Materials and Methods

Chemicals and Apparatus

The reagents including Tryptic Soy Broth (TSB), Stuart transport medium, Mueller–Hinton agar (MHA), and Mueller–Hinton broth (MHB), blood, and MacConkey agar and Dimethyl Sulfoxide (DMSO) were purchased from Merck (Germany). Antibacterial disks and antibiotic powders were provided by Mast (Diagnostics, UK) and Sigma-Aldrich (St. Louis, MO, USA), respectively. The synthetic AgNO3 was also purchased from Sigma-Aldrich. All chemicals were of analytical reagent grade and used as received with no further purification.

Bacterial Isolates

The current study was conducted in Microbiology Section of the Central Laboratory of Iran University of Medical Sciences. A total of 50 clinical isolates of P. aeruginosa from blood, urine, trachea, sputum, and burn wounds were collected from a part of the routine laboratory procedure of hospitals in Tehran. It should be noted that the sputum specimens obtained from the patients were microscopically examined for the presence of salivary contamination. Briefly, sputum was incubated with an equal volume of sputolysin for 15 min at room temperature and plated onto chocolate agar. The deep oropharyngeal swab samples were collected and cultured on blood agar and MacConkey agar media. Wound swabs were added to Stuart transport medium, then immediately transported to the Department of Microbiology, Iran University of Medical Sciences, and inoculated onto TSB, blood, and MacConkey agar for 24 hr. All positive cultures were recognized by the related biochemical tests, including gram-negative bacilli, the ability to grow at 42°C, colony characteristics, motility and oxidase test, citrate utilization, OF-glucose, pigment production on Mueller–Hinton agar and non-fermenting in TSI agar.18 The reference strain used as positive control was P. aeruginosa ATCC 27,853. The isolates identified as P. aeruginosa were preserved at –80°C in TSB supplemented with 30% glycerol until further processing.
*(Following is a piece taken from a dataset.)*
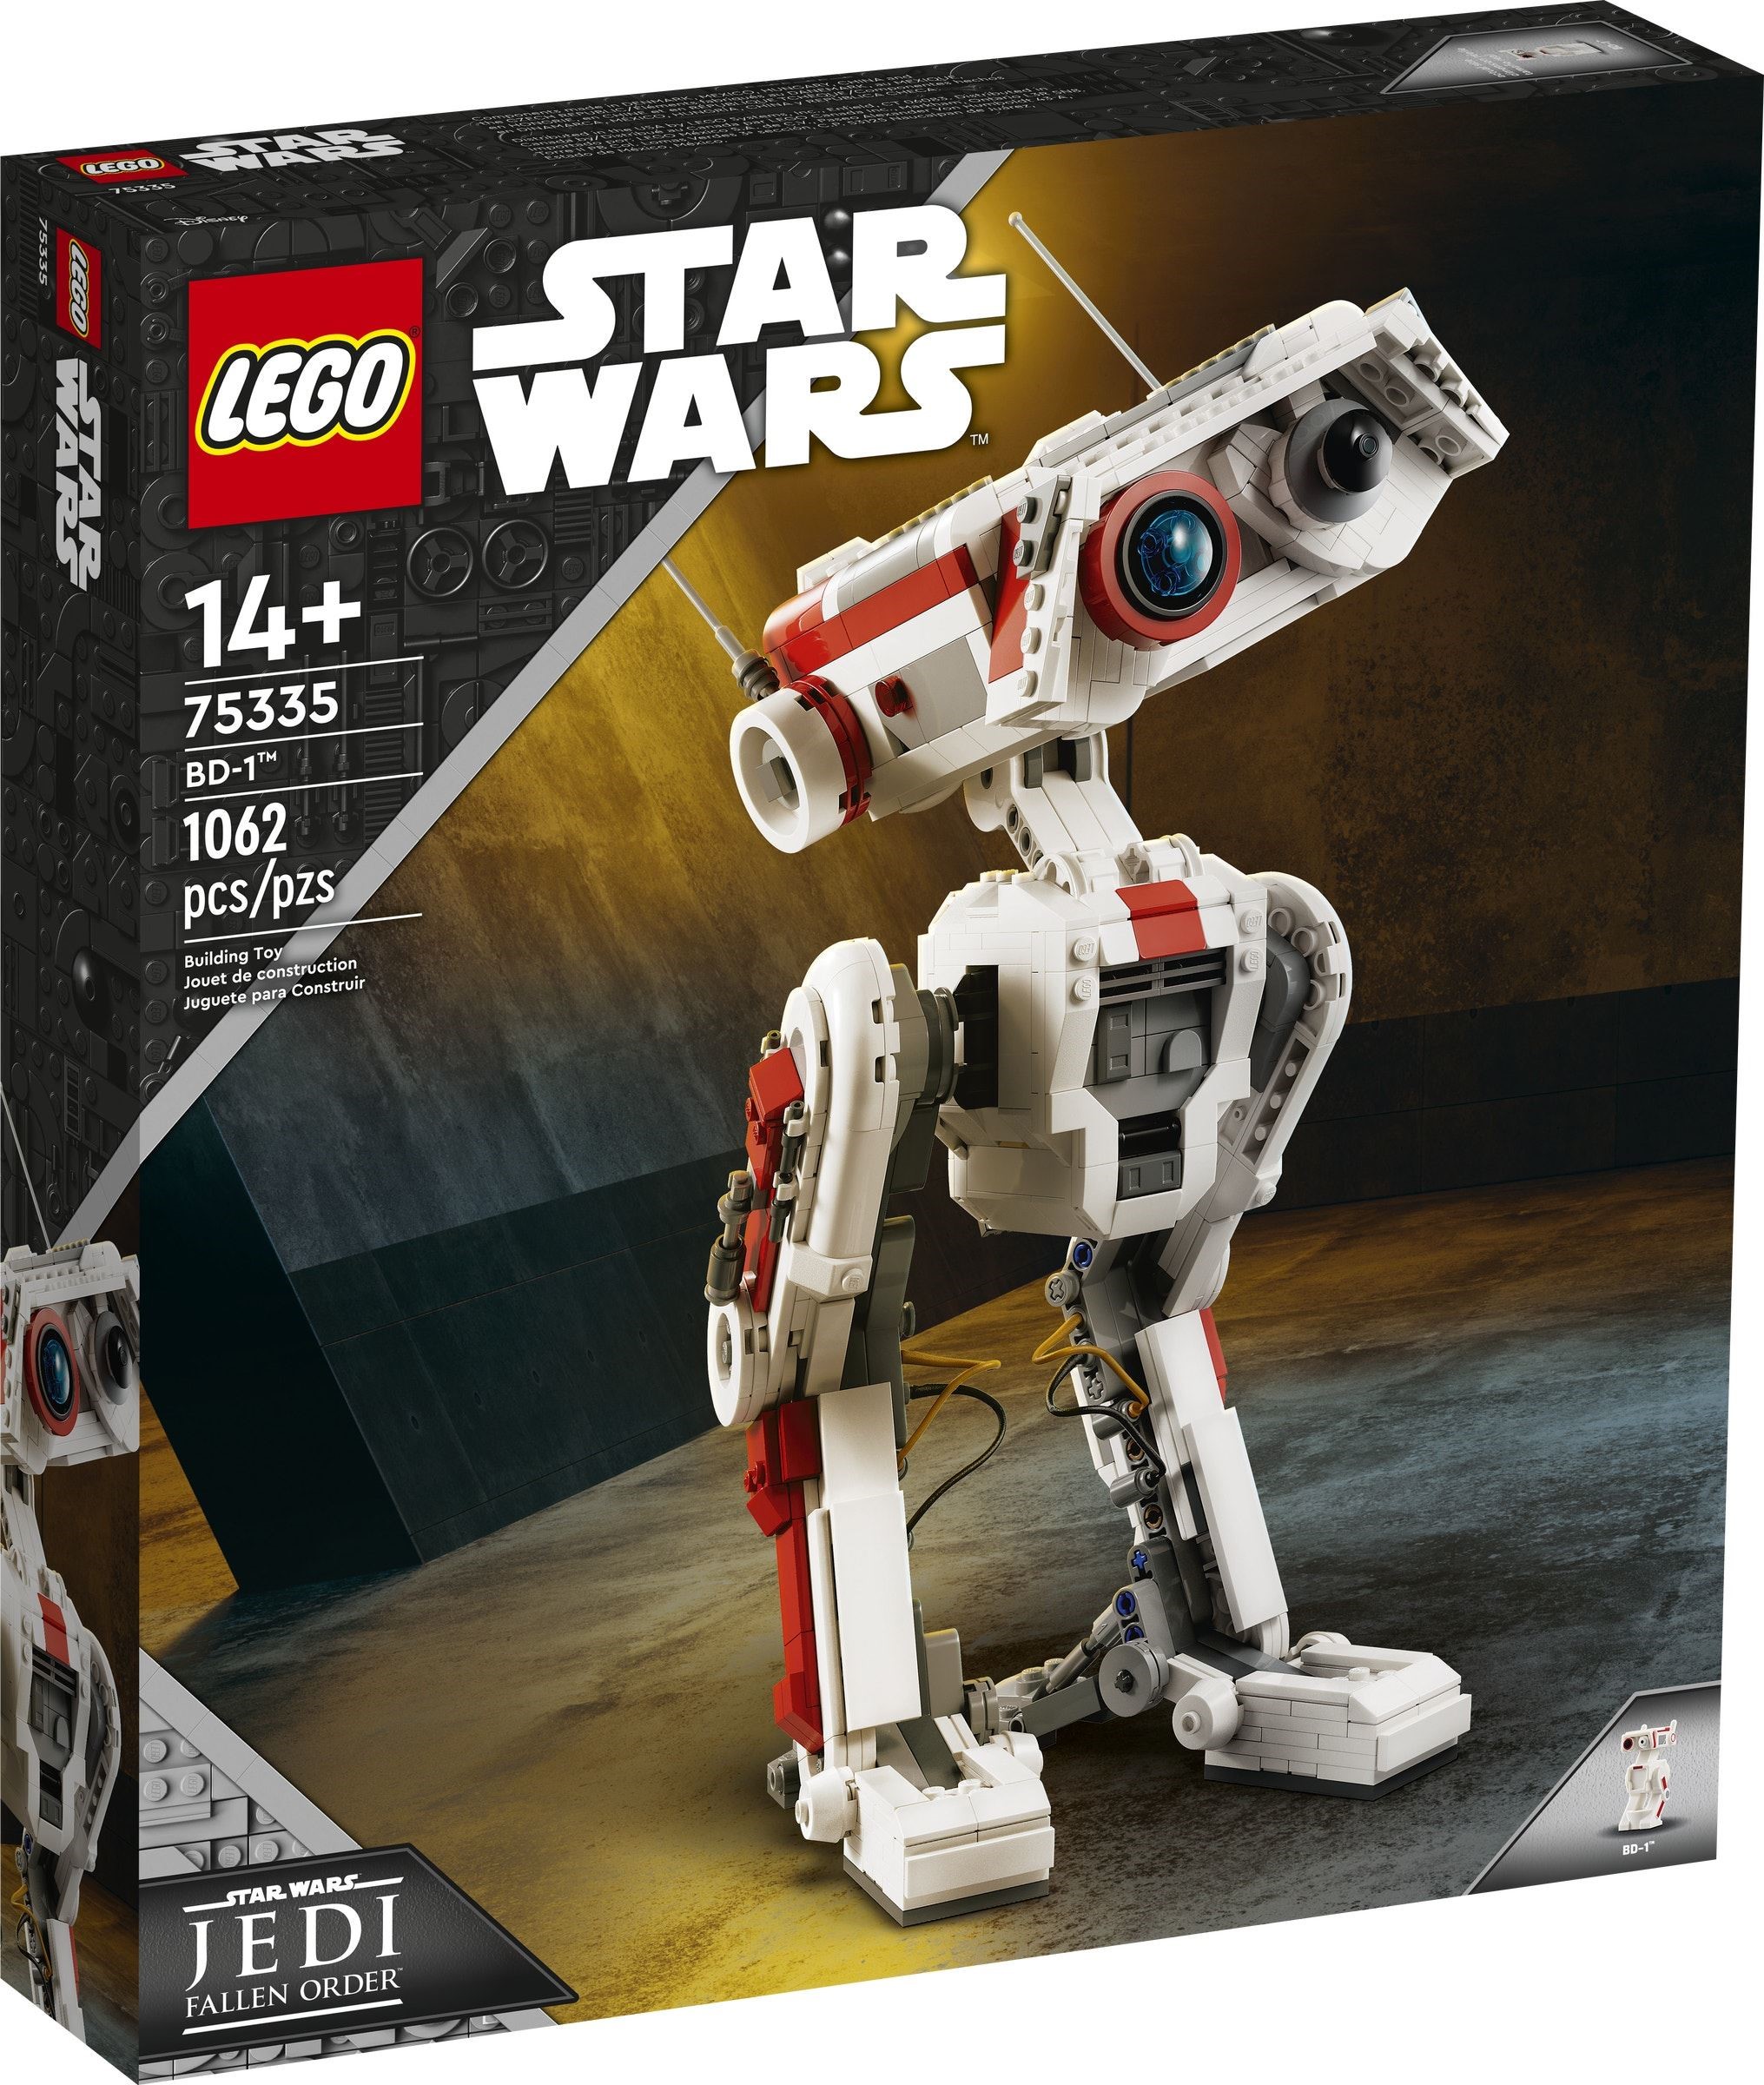 Samme Fugtig vaskepulver Two More LEGO Star Wars Sets Revealed at Star Wars Celebration 2022 - The  Brick Fan

Antimicrobial Susceptibility Test and β-Lactamase Determination

Antibiotic susceptibility test was carried out using disc diffusion method according to the Clinical and Laboratory Standard Institute guideline (CLSI). Antibiotic disks used in the current study contained ceftazidime, chloramphenicol, cefotaxime, amikacin, co-trimoxazole, ceftriaxone, ciprofloxacin, meropenem, gentamicin, and tetracycline. P. aeruginosa isolates that were found resistant to IMI by disk diffusion test were re-checked in broth microdilution assay. The MIC for IMI was obtained in the range of 0.5 μg/mL to 256 μg/mL. P. aeruginosa ATCC 27,853 was used as control strain. Double disc synergy test was used for phenotypic ESBL-producing P. aeruginosa detection. In this test, antibiotics, including ceftazidime and cefotaxime, were used alone and adjacent to all two antibiotics combination with clavulanic acid.19

Antibiotic-Resistant Genes Genotyping

Detection of different genes involved in antibiotic resistance including VIM, IMP, OPR, SPM, SIM, GIM, NDM, SHV, TEM, VEB, PER, CTXM, OXA, intI, intII, intII and KPC were performed using standard PCR amplification. DNA was extracted using DNA extraction kit (GeNet Bio Company, Daejeon, Korea) according to the manufacturer’s instruction. PCR reaction was performed in a final volume of 25 µL using 3 µL DNA solution, 12.5 µL Qiagen HotStar Taq Polymerase Master Mix, 10 pmol primer and water. PCR cycling conditions were as follows: denaturation at 94°C for 5 min, followed by 30 amplification cycles at 94°C for 1 min and extension at 72°C for 40 s and a final extension at 72°C for 5 min.20 All primers used in the present study are listed in Table 1. Finally, PCR products were detected by electrophoresis on 1%-1.5% agarose gel stained with safe stain.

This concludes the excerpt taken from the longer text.